Suppose that I want to use a pretrained ResNet18 to do classification on a small dataset, I just want to train the last (linear) classification layer while freezing all previous layers (referred to as “freezed” layers). This is a fairly common use case. To do so, the official PyTorch tutorial says that it is sufficient to do:
model_conv = torchvision.models.resnet18(pretrained=True)
for param in model_conv.parameters():
param.requires_grad = False
num_ftrs = model_conv.fc.in_features
model_conv.fc = nn.Linear(num_ftrs, 2)
...
# training phase
model.train()
for inputs, labels in dataloaders:
optimizer.zero_grad()
outputs = model(inputs)
...
loss.backward()
optimizer.step()
...
The tutorial says that it is sufficient to set requires_grad
to False
for “freezed” layers, it did not call .eval()
for BatchNorm2d
of “freezed” layers of resnet18. Does this mean that even if convolutional layers and affine parameters of BatchNorm2d of “freezed” layers are not learning, the running average of BatchNorm in “freezed” layers are still being updated even if we only wanted to train the last linear layer? Is this a mistake?

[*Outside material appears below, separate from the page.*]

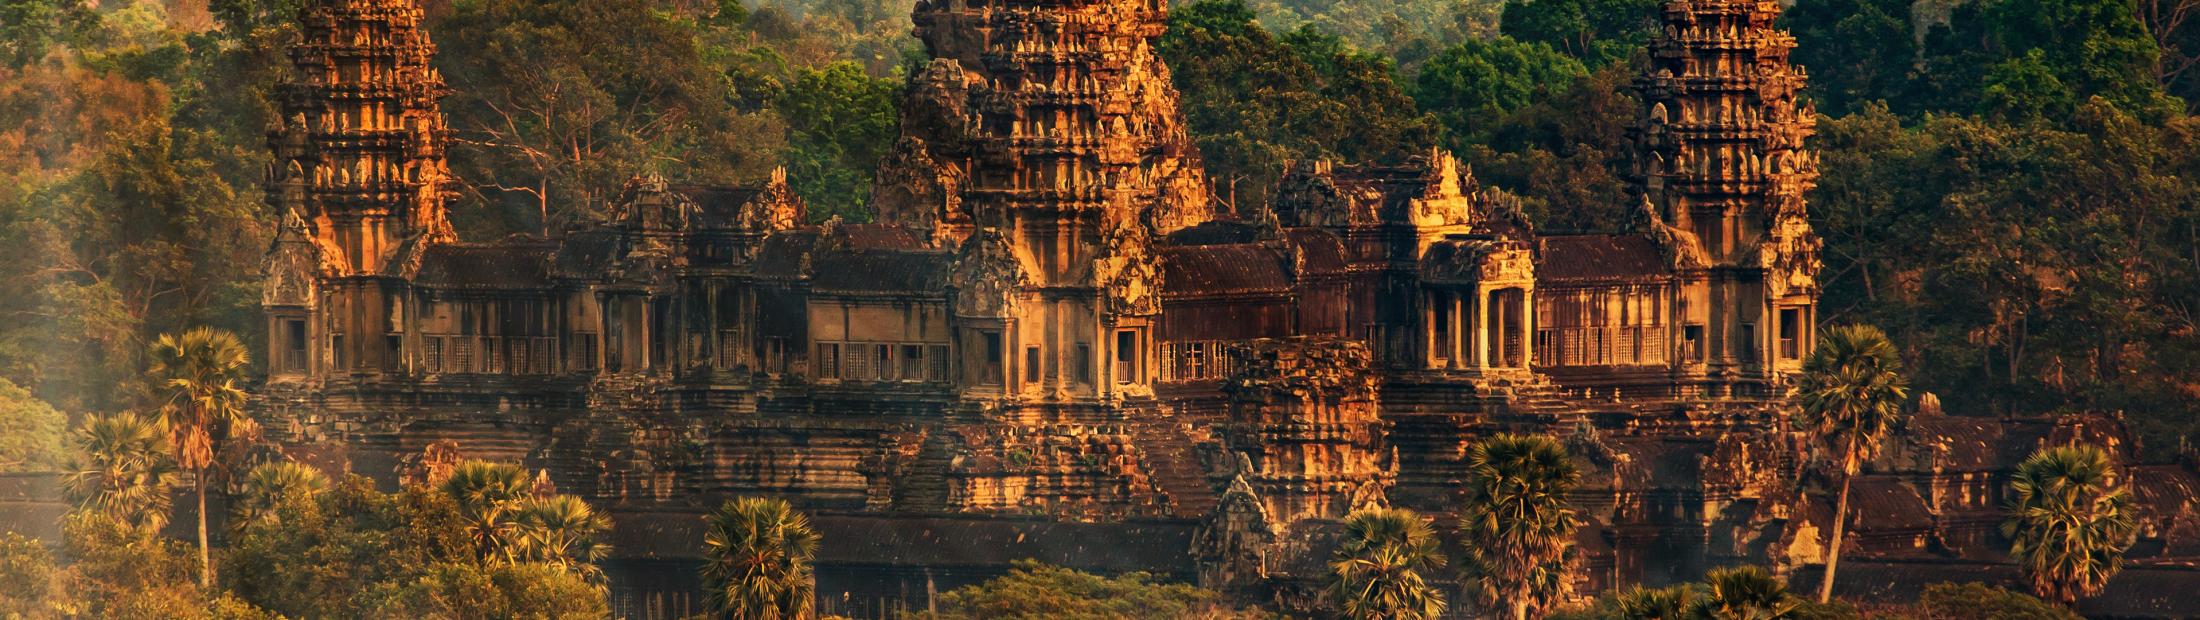 Camboya, historia y cultura de los jemeres

According to the following posts and documentation, it seems that in addition to set requires_grad
to False
for “freezed” layers (convolutional layers and BatchNorm layers), we should also call .eval()
on all BatchNorm layers if we only want to train the last linear layer while freezing all “freezed” layers, which is contradicting the official PyTorch tutorial on finetuing.
def set_bn_eval(module):
if isinstance(module, torch.nn.modules.batchnorm._BatchNorm):
module.eval()
model.apply(set_bn_eval)
- Should I use model.eval() when I freeze BatchNorm layers to finetune?
- Finetuning pretrained networks with batchnorm
- How to fix BatchNorm parameters during finetune
- torch.nn.BatchNorm2d documentation
Do we indeed need to call .eval()
on BatchNorm layers when we only train the last linear layer of a pretrained resnet18 model?